Following the Chancellor’s Budget announcement this afternoon, Jane Parry, PM+M’s managing partner has provided her thoughts on what this could mean for businesses and individuals.
The Chancellor was hugely positive in his Budget Speech but actually this Budget threw up no real surprises which was mainly due to the numerous ‘leaks’ that some may cynically argue was an attempt to steer the media narrative in advance of today. There was lots of great news around boosting spending across the public sector. However, the Chancellor is very clearly pushing the burden for paying for that onto business, with the National Living Wage Increase and scheduled corporation tax rate increases adding a significant burden to business. He seems to be banking on this plus the benefits of economic growth increasing the overall tax take to fund us out of Covid.
From April next year, firms employing people on the National Living Wage will be facing more than an 8% increase in the cost of employing people when you combine the rise in the National Living Wage and the introduction of the Health and Social Care Levy. The limited tax reductions announced today, such as the reforms to business rates and the cancellation of the planned increase in the multiplier, won’t do much to allay their impact on the industries that have been hit the hardest including those employing the lowest paid workers. These are the very sectors that have already been pushed to breaking point over the past 18 months and are still facing chronic people shortages and rising energy costs. Despite these pledges, they will have the unenviable, and potentially critical decision, of whether they absorb or pass on these costs to their customers simply in order to survive.

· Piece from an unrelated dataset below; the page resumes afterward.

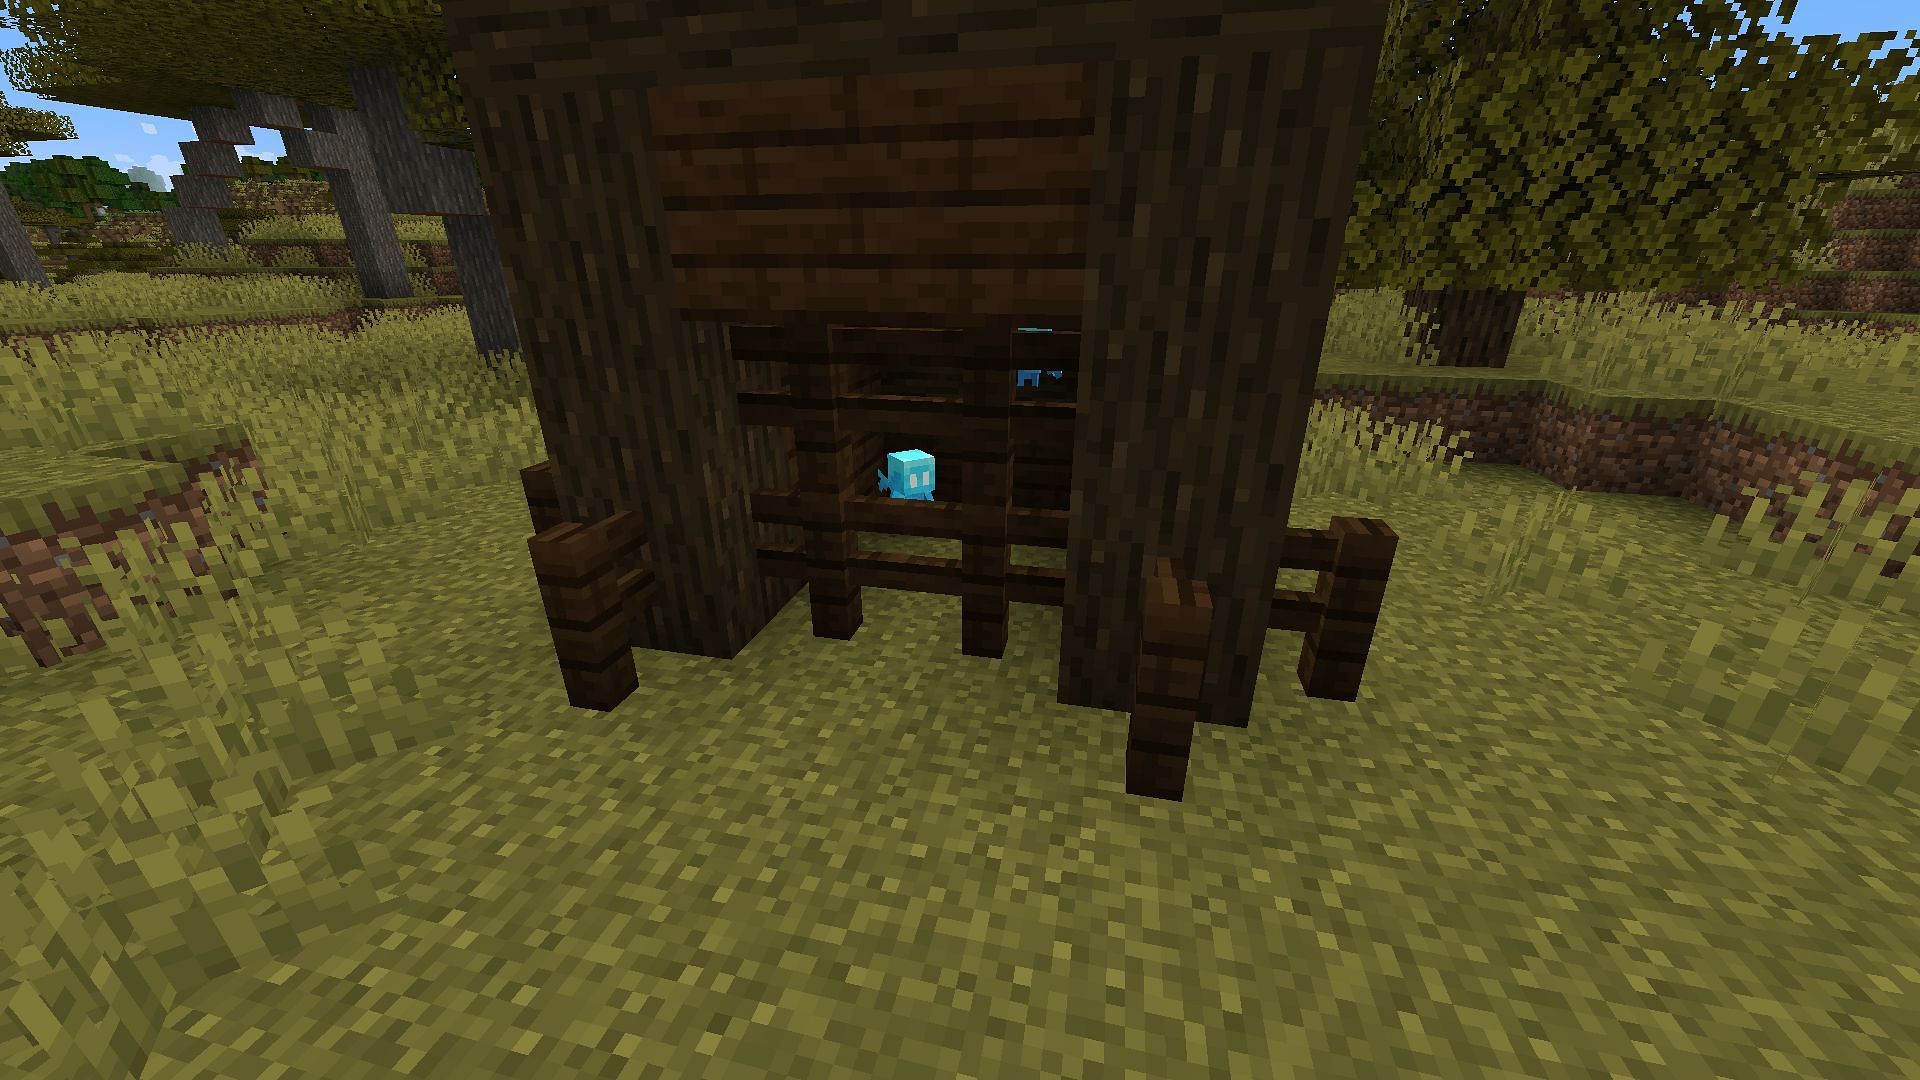 Allays in a player made cage (Image via Minecraft)

Whilst the extension of the enhanced annual investment allowance for capital expenditure is welcomed, it will affect relatively few businesses. The planned 2023 increase in Corporation Tax from 19% to 25% will add significantly to the tax burden faced by companies of all sizes.
The next phases of Making Tax Digital and basis period reform for unincorporated business will add to the tax compliance burden faced by business owners, heaping even more financial pressure on the UK’s already strained SME sector. Whilst a move to real time tax reporting can’t be argued against, the Government needs to be careful to minimise the impact on businesses.
When you combine all these factors, there’s no question the next few years will be tough, and the government needs to acknowledge that and do more.
The announcements around innovation investment and modernising the UK’s R&D tax reliefs sound good in principle, but more detail is needed so a true assessment of their long-term value and impact can be made.
The Levelling Up agenda is another area that needs further work and thought as it appears the government’s view is that levelling up the North West stops at the boundaries of Greater Manchester. The news that Greater Manchester will be given £1 billion to transform its public transport system is fantastic, but what about the rest of the region? Transport infrastructure in Lancashire, Cheshire, Cumbria and Merseyside still falls well behind their Mancunian neighbours. The ability to move easily, reliably, and cheaply between the region’s other hubs like Blackburn, Preston, Burnley, Bolton, Blackpool, Liverpool, Chester and Carlisle is still woeful. Only when this glaring discrepancy is addressed will levelling up here in the North West truly be a thing that can be taken seriously.